7. Creating Interplay Options
Lastly, let’s check out how we are able to create interacting options by combining two or extra current options, which may help seize extra complicated relationships. For instance, a mannequin may profit from realizing if it’s a “weekday morning” versus a “weekend morning.”
# From our earlier part “Calculating Rolling Window Statistics”
df[‘rolling_mean_3’] = df[‘sales’].rolling(window=3).imply()
# A characteristic for the distinction between a day’s gross sales and the 3-day rolling common
df[‘sales_vs_rolling_mean’] = df[‘sales’] – df[‘rolling_mean_3’]
print(df.head())
# From our earlier part “Calculating Rolling Window Statistics”
df[‘rolling_mean_3’] = df[‘sales’].rolling(window=3).imply()
# A characteristic for the distinction between a day’s gross sales and the 3-day rolling common
df[‘sales_vs_rolling_mean’] = df[‘sales’] – df[‘rolling_mean_3’]
print(df.head())
Output:
gross sales rolling_mean_3 sales_vs_rolling_mean
date
2025-07-01 88 NaN NaN
2025-07-02 78 NaN NaN
2025-07-03 64 76.666667 -12.666667
2025-07-04 92 78.000000 14.000000
2025-07-05 57 71.000000 -14.000000
gross sales rolling_mean_3 sales_vs_rolling_mean
date
2025–07–01 88 NaN NaN
2025–07–02 78 NaN NaN
2025–07–03 64 76.666667 –12.666667
2025–07–04 92 78.000000 14.000000
2025–07–05 57 71.000000 –14.000000
The probabilities for such interacting options are limitless.

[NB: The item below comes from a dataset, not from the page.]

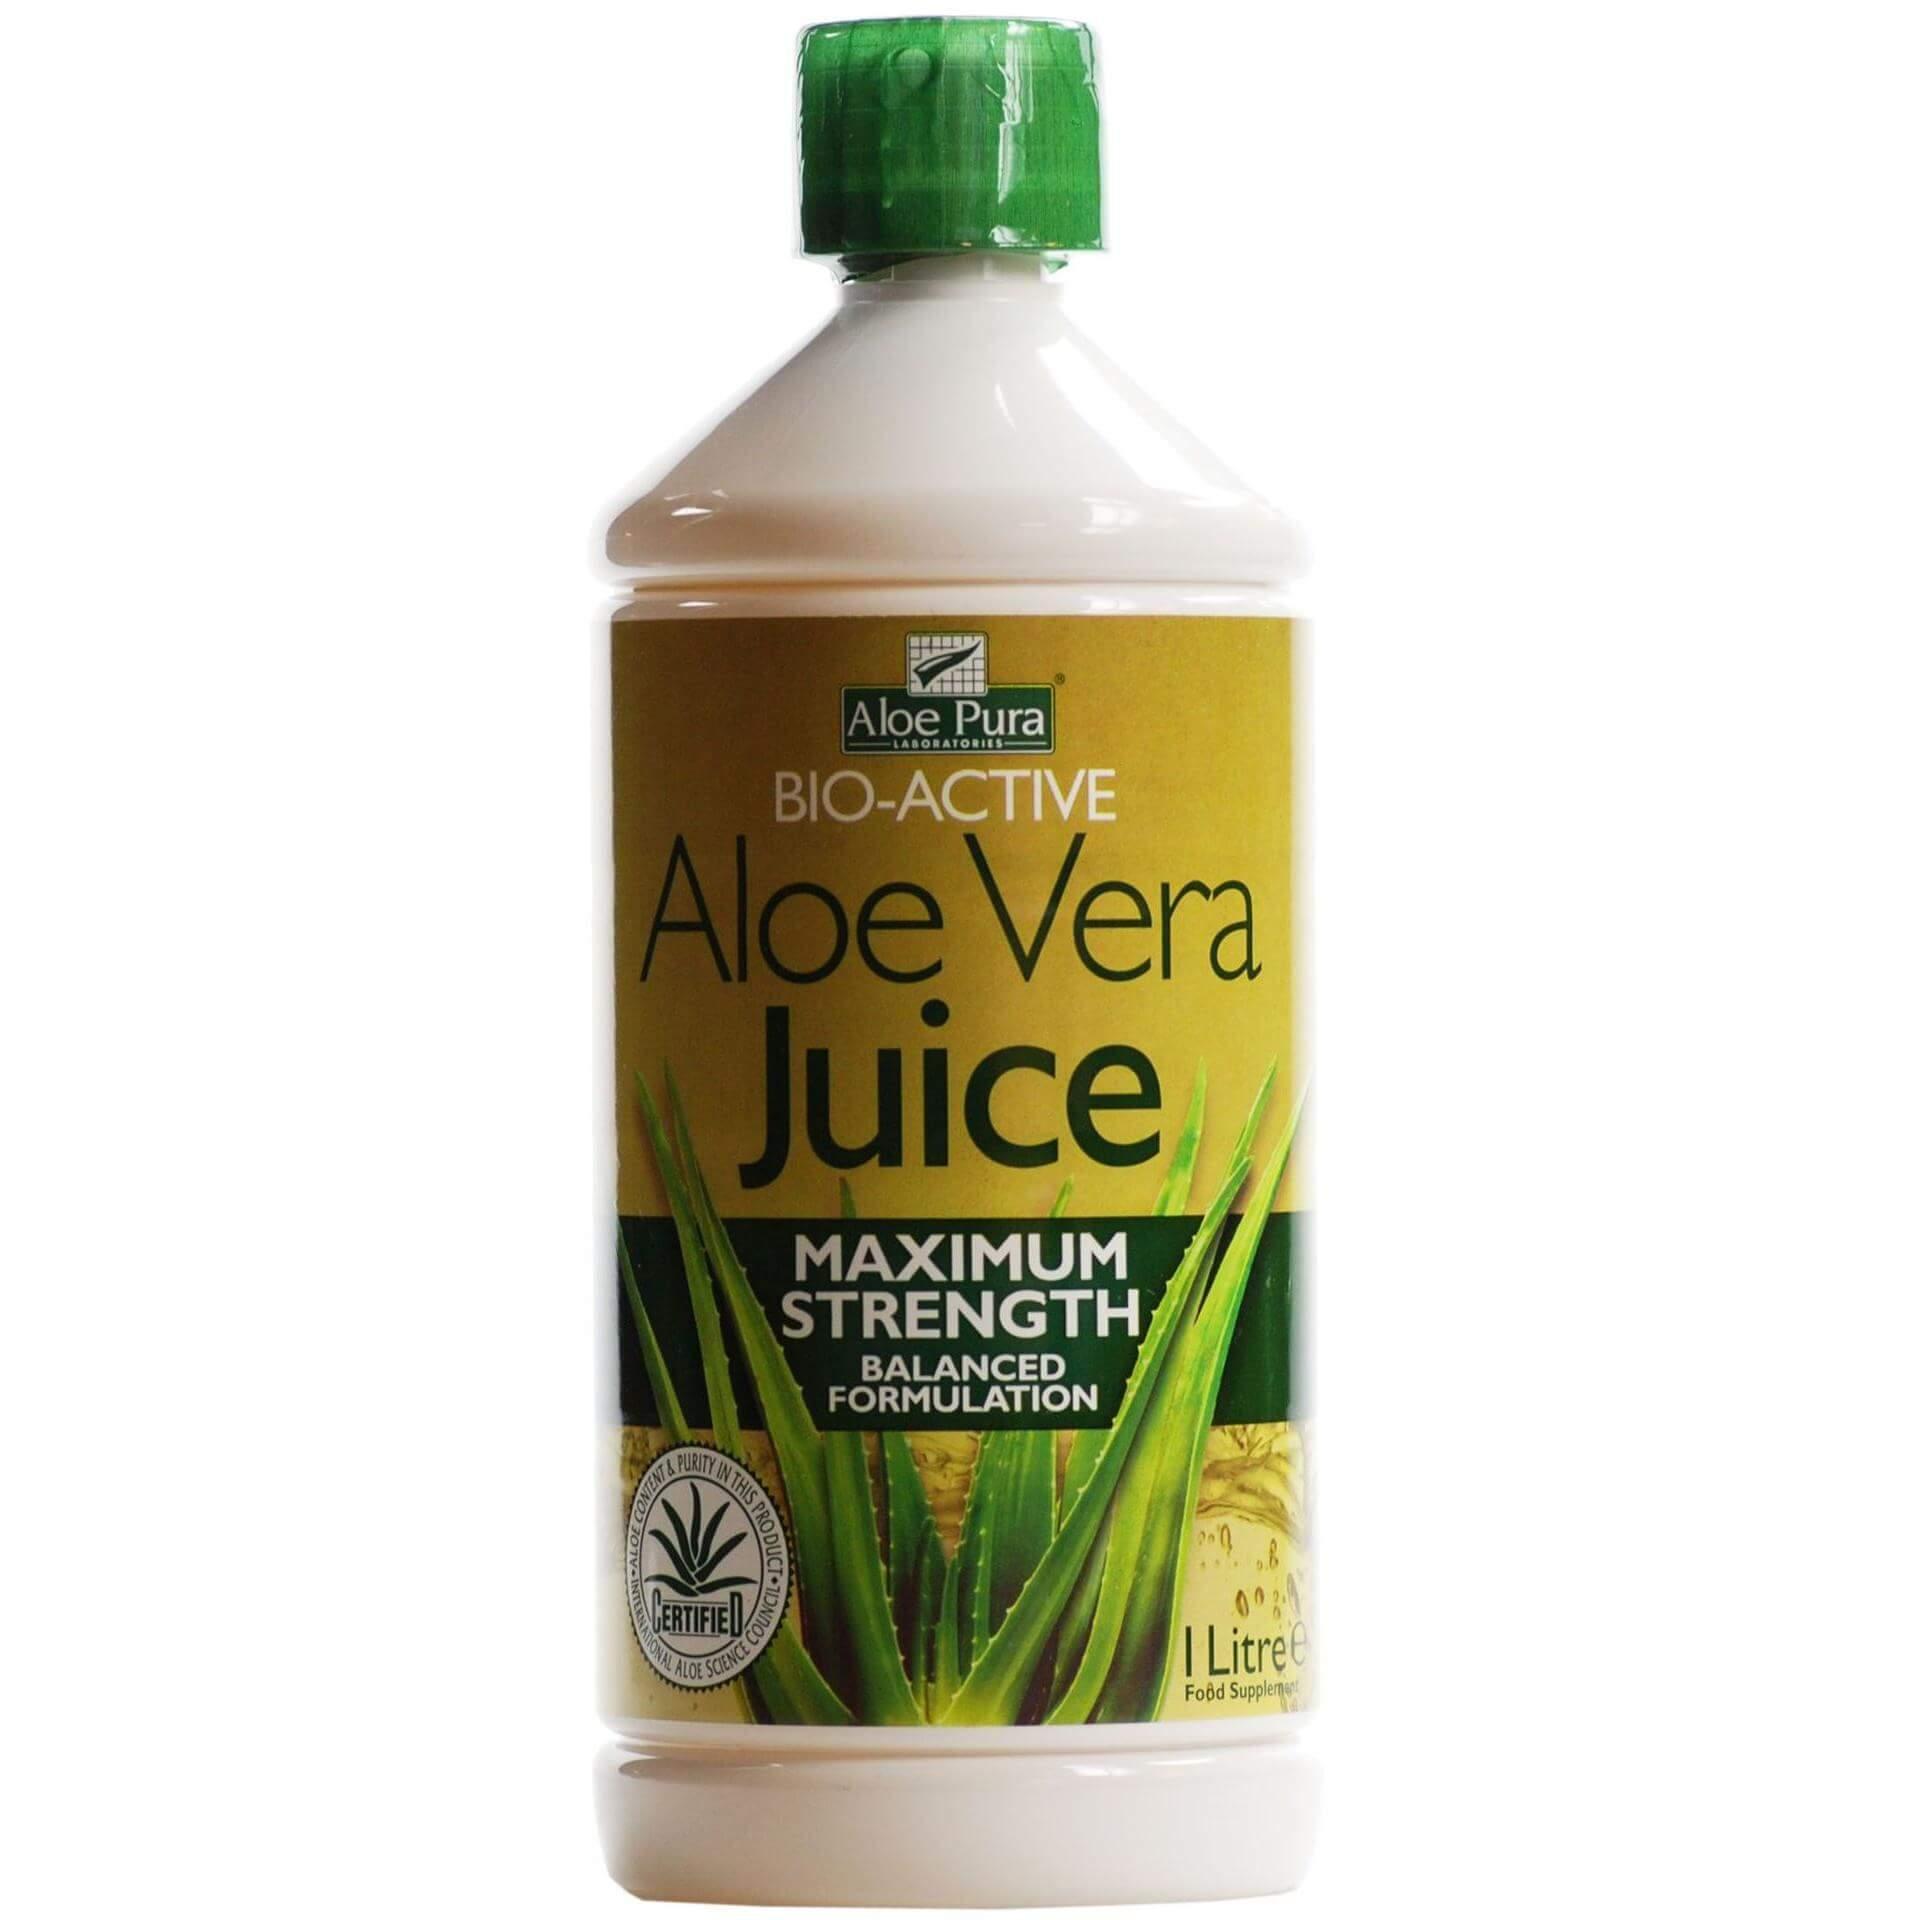 Optima Aloe Vera Juice Maximum Strength 100% Φυσικός Χυμός Αλόης 1L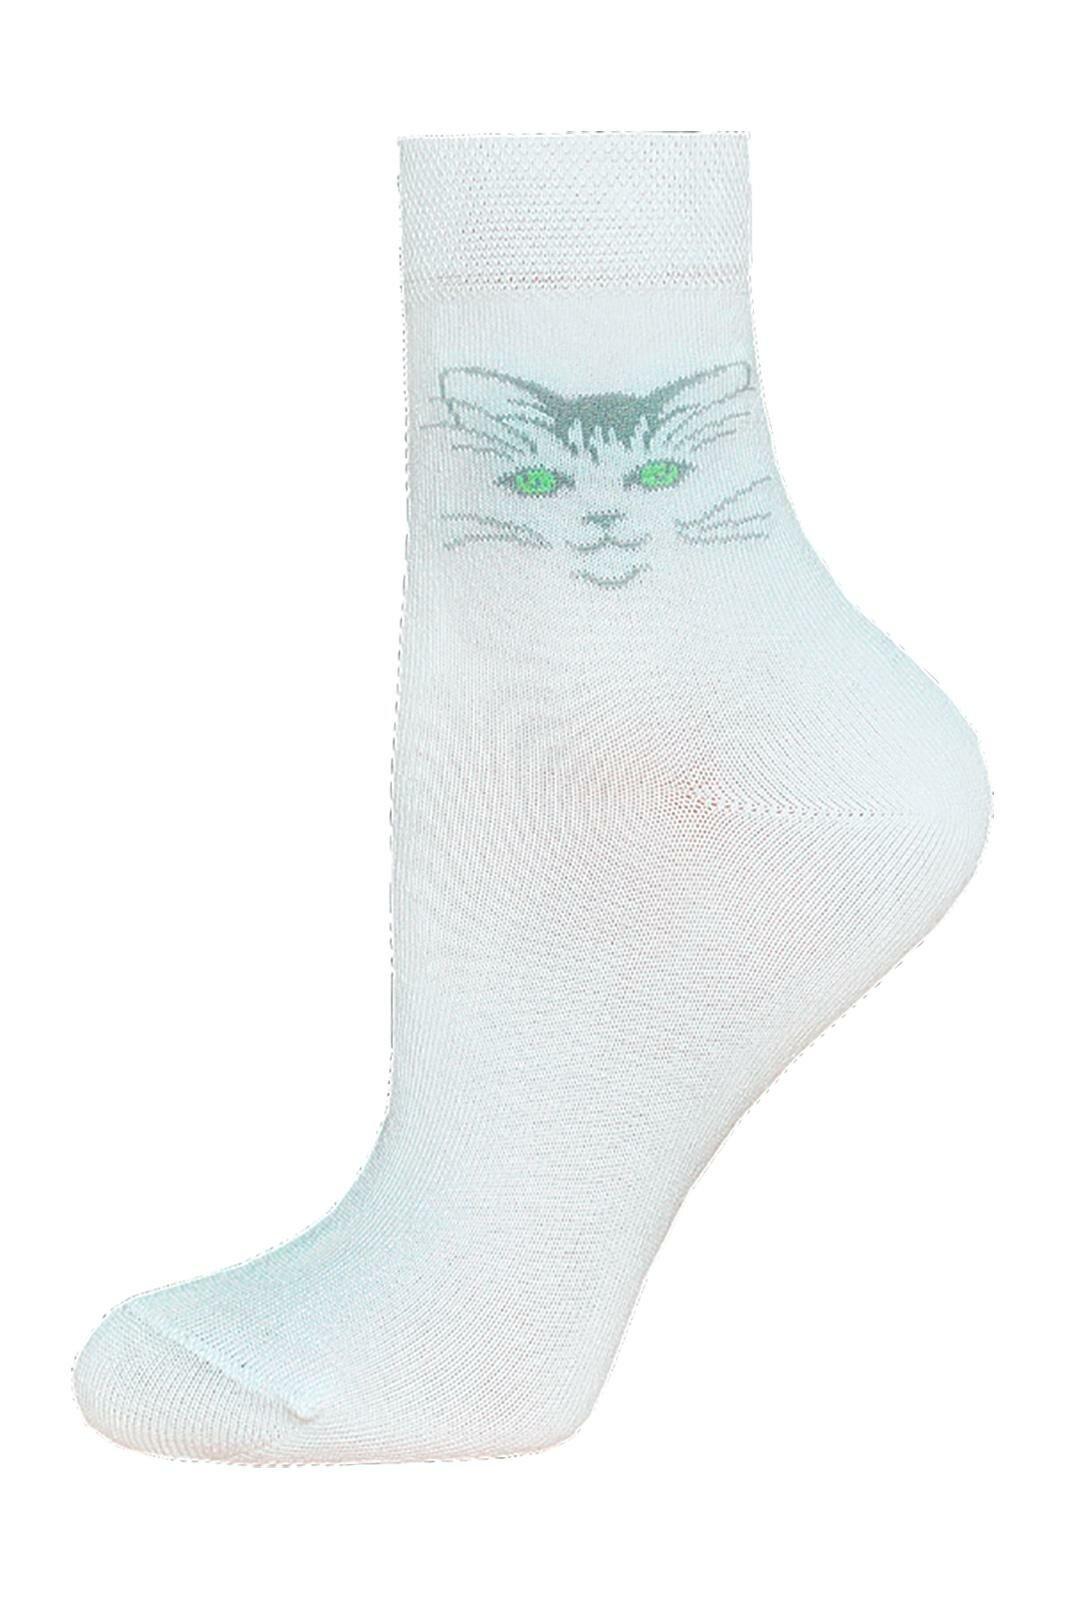 Носки Брестский Чулочный Комбинат 3081 белый 047

The larger your area information and creativity, the extra insightful these options can grow to be.
Wrapping Up
Time-series characteristic engineering is equal components artwork and science. Area experience is undeniably invaluable, however so is a powerful command of instruments like Pandas to assist present the muse for creating options that may assist enhance mannequin efficiency and in the end resolve issues.
The seven tips lined right here — from extracting datetime parts to creating complicated interactions — are highly effective constructing blocks for any time-series evaluation or forecasting process. By profiting from Pandas and its highly effective time-series capabilities, you’ll be able to extra successfully uncover the hidden patterns inside your temporal knowledge.